Так, в наступившем молчании, на высоте одиннадцать тысяч метров один несся к дяде и сладким дыням, другой вез домой распластанную грудь, а третий – смутные и непонятно какие надежды.
Утром, в половине шестого, самолет пошел на посадку. Командир корабля так решительно бросил его вниз, что у Почивалова заскрипели барабанные перепонки. И, уже оказавшись на земле, он неоднократно мотал головой, чтобы вытряхнуть из ушей застрявшее в них давление.
– Желаю здоровья, – сказал Андрей Васильевич Николаю, когда, надевая куртки, они готовились к выходу.

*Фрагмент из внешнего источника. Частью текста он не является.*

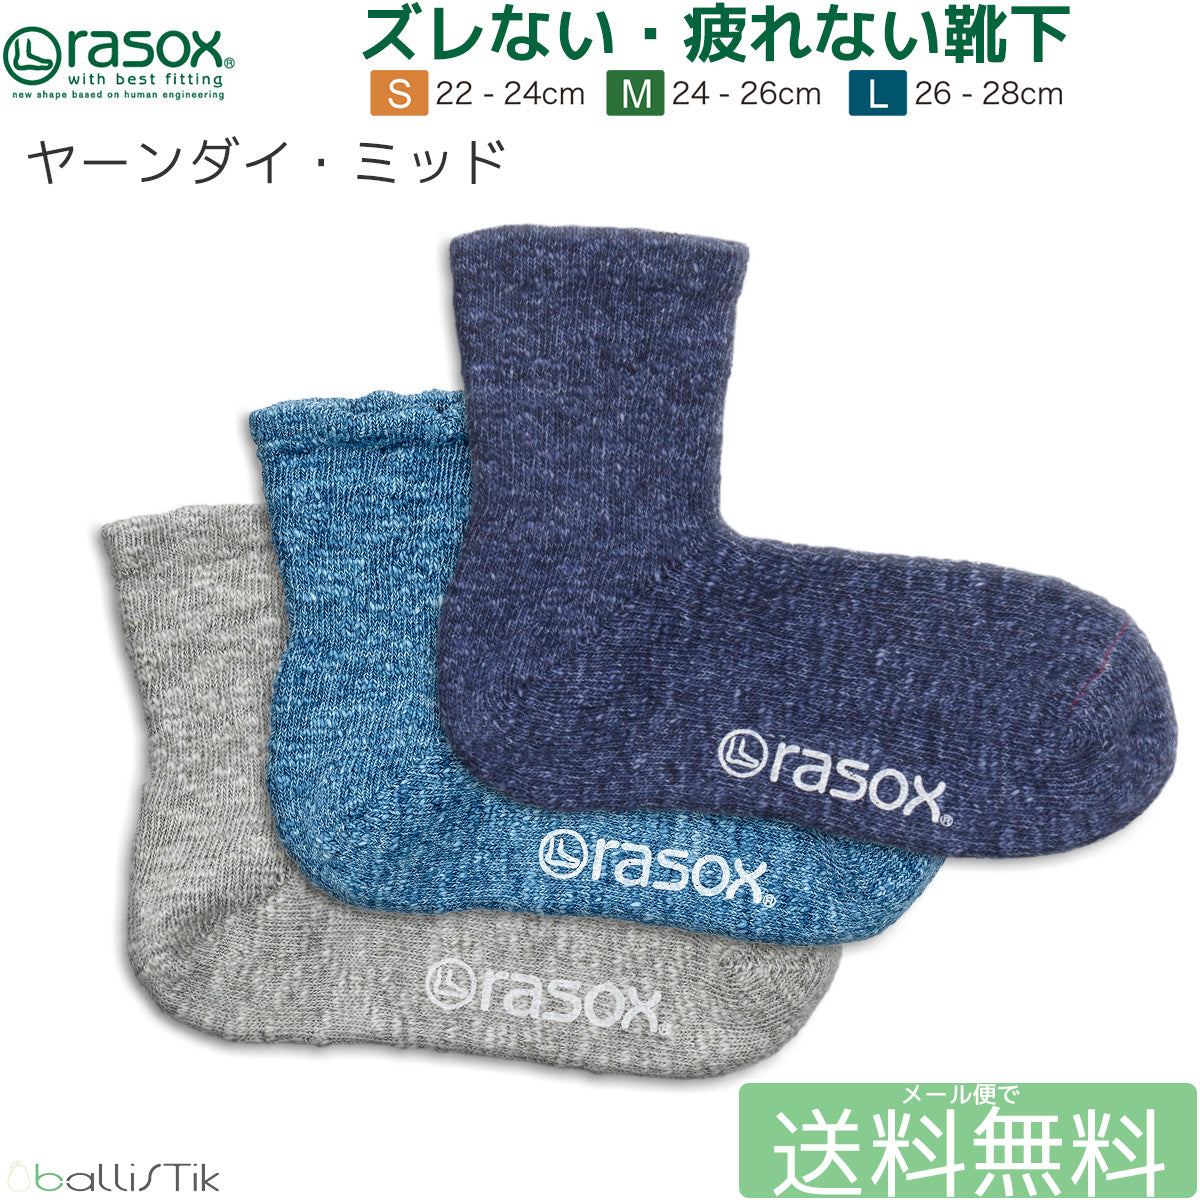 rasox/ラソックス/靴下/スニーカーソックス/ショートソックス/ロークルーソックス/ヤーンダイミッド

– Не боись, зарастет как на собаке, – обещал тот.
– За дыней приходи, – напомнил дядин племянник.
3. Прибытие
Цифры на местном электронном табло показывали десять с минутами, и Андрей Васильевич перевел часы.
Хотя в родном Асинске уже вовсю разворачивалась весна, приморская столица встретила таким теплом, какого в Сибири еще не было. Новый, с иголочки аэропорт впечатлил. Никаких автобусов к самолету, как было в Новосибирске, никаких трапов. Подкатили к зданию аэровокзала – и сразу из салона пожалуйте внутрь. Сумку Почивалов в багаж не сдавал, потому и ждать не пришлось. Не выходя на улицу, с любопытством вертя головой, проследовал до касс электрички (всё – под одной крышей). Тут, однако, не повезло: ближайшая электричка должна была отойти в город только в двенадцать.

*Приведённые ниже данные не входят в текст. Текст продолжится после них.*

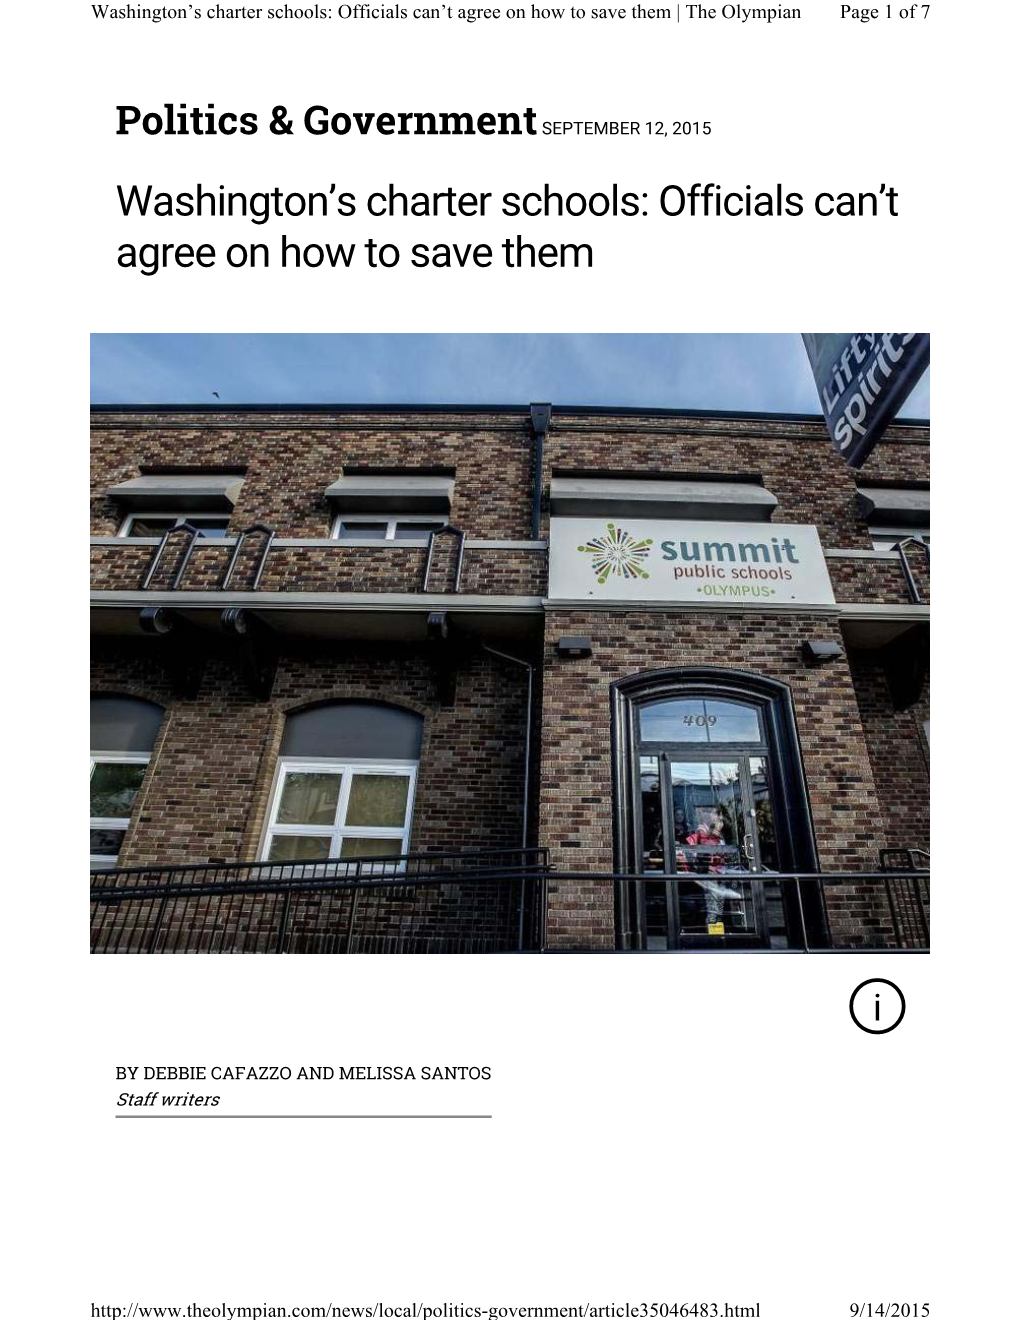 Washington's Charter Schools

Охранник, скучавший у стойки, дал совет:
– Езжай автобусом, это быстрей и дешевле. Пока электричка сюда придет, ты уже по городу гулять будешь.
– Так-то оно так, но хотелось бы с ветерком, как президент. Я по телевизору наблюдал: он на саммите в электричке катался.
Охранник был старше Почивалова и оглядел его снисходительно:
– Ишь ты – «как президент»! Может, еще и начальника железной дороги тебе в компаньоны?
Пришлось в обратном порядке, через аэропорт, тащиться наружу. Автобус, настолько длинный, словно это был вагон поезда, по ошибке поставленный не на те колеса, тихо урча, уже поджидал у платформы. Путешественник, весь открытый новым впечатлениям, ринулся в него. Среди сидящих по обе стороны от прохода пассажиров Андрей Васильевич узнал несколько лиц из новосибирского рейса, но недавних соседей среди них не обнаружил. Свободных мест оказалось немного, одно было у окна, и к нему дальневосточный гость сразу устремился. В 10.45 отъехали. Почивалов вынул мобильник и позвонил сыну.
– Через час буду, – коротко сказал он. – Встречай.
– Я подойду к Некрасовской, – так же коротко ответил сын.
Кондукторша с сумкой на груди приступила к обязанностям, и Почивалов сразу осознал, насколько дорогой город Владивосток. В самом прямом смысле. Если в Новосибирске билет обошелся в 35 рублей, то здесь потянул на все девяносто. Но деньги были отданы, билет получен, и гость приник к окну – разглядывать виды.
Виды за окном заторопились непривычные. После утопающей в тяжелых сугробах Сибири все здесь выглядело не так. Снег отсутствовал. Абсолютно. Сразу за асфальтом скованная холодом земля была где больше, где меньше покрыта прошлогодней сухой травой. Редкие деревца никак не могли слиться в такое количество, чтобы их можно было назвать лесом. Они торчали из мертвой почвы неестественно.
Но Андрей Васильевич отметил это мельком, он искал других перемен. И они не заставили себя ждать. Вдоль дороги потянулись канавы, за ними отделяющая полоса с той же травой, а уж дальше пошло-поехало жилье.
Сменяя друг друга, замелькали веселенькие двух-, а то и трехэтажные особнячки. Язык не поворачивался назвать их дачами, настолько они были респектабельны и свидетельствовали о достатке и благополучии владельцев.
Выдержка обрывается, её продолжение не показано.